◆ Directions for this task ◆
Pictures stay out of the copy. Retype exactly the lines below from the one with "swipii-cashback-offer-types" through the one with "NP Set Lip Gloss Compact ($12).".

◆ Records shown ◆
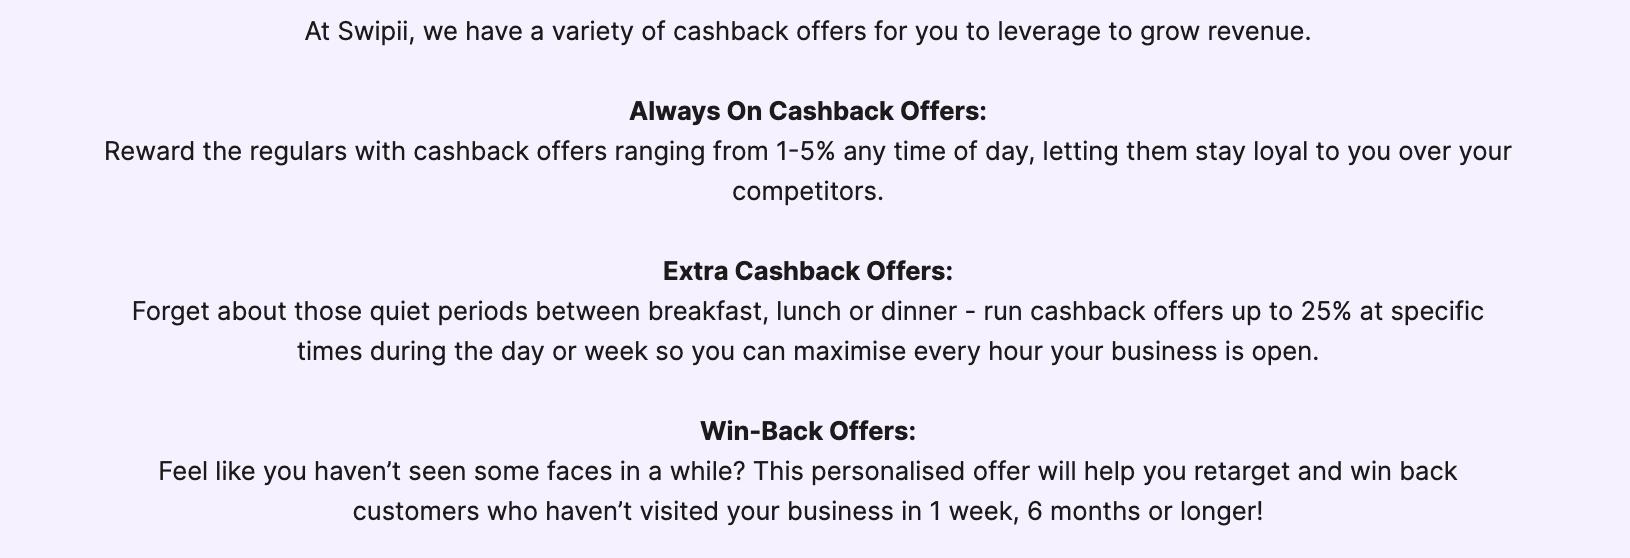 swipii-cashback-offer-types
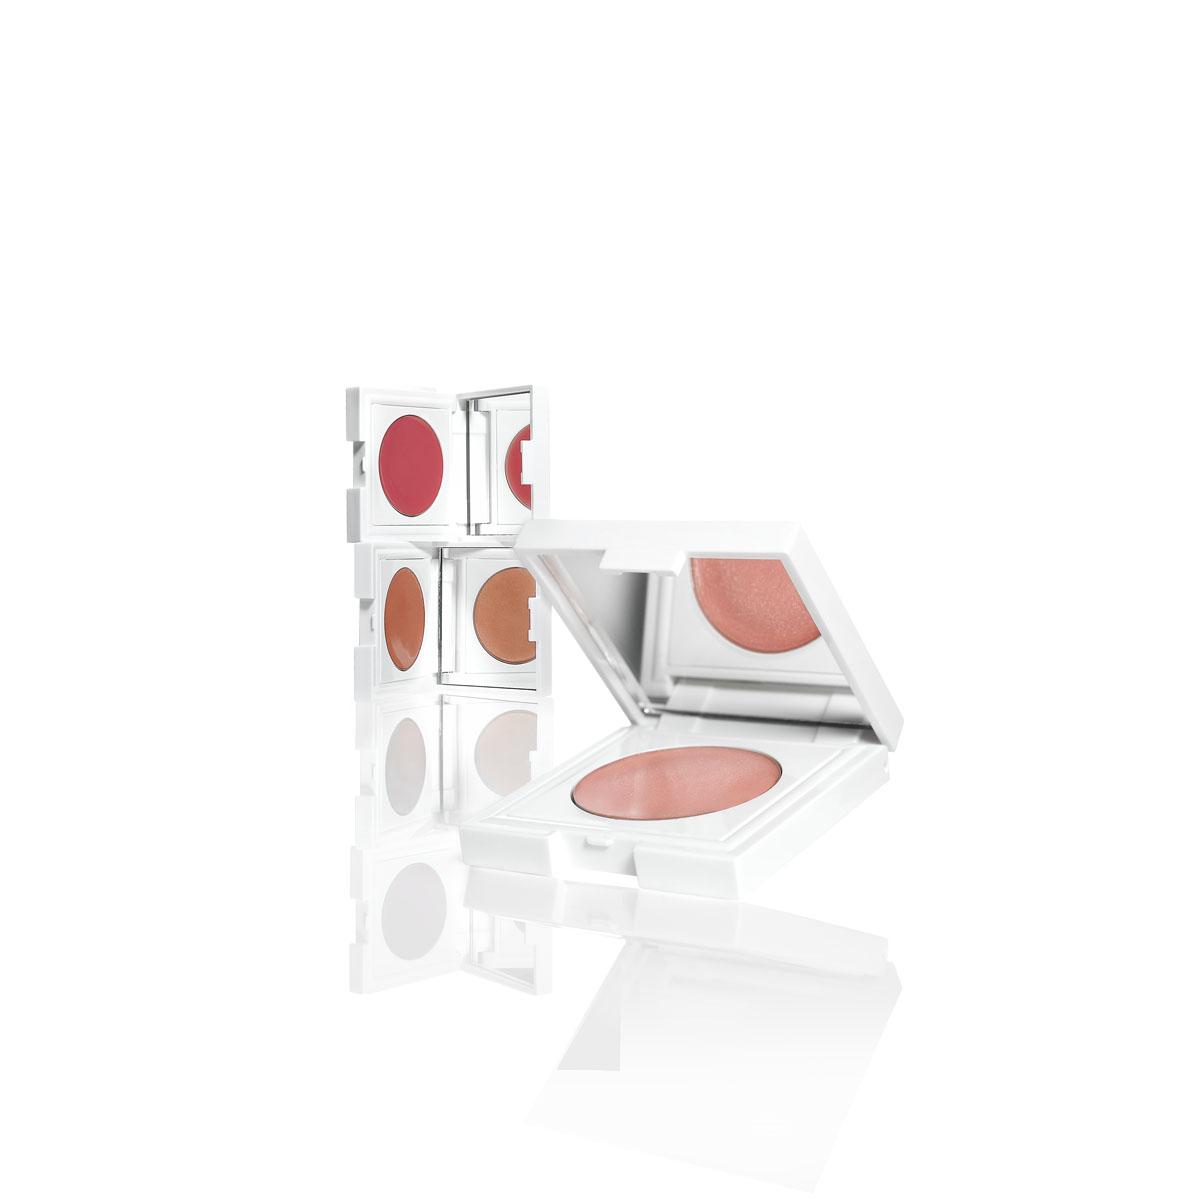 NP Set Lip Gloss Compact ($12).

==

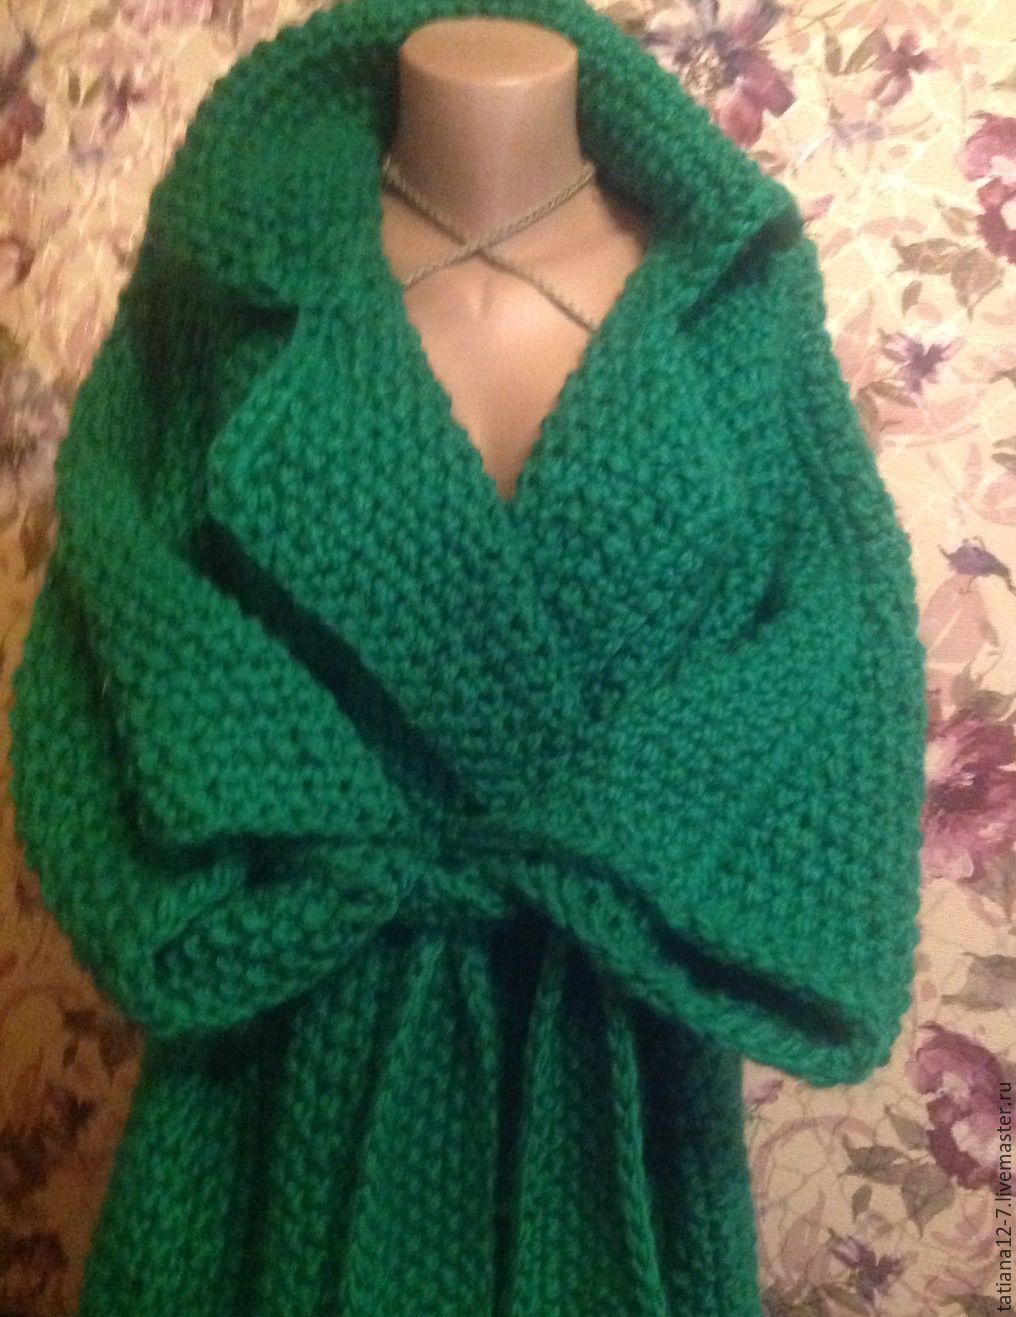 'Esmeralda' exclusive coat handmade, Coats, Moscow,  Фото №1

◆ Output below ◆
 swipii-cashback-offer-types
 NP Set Lip Gloss Compact ($12).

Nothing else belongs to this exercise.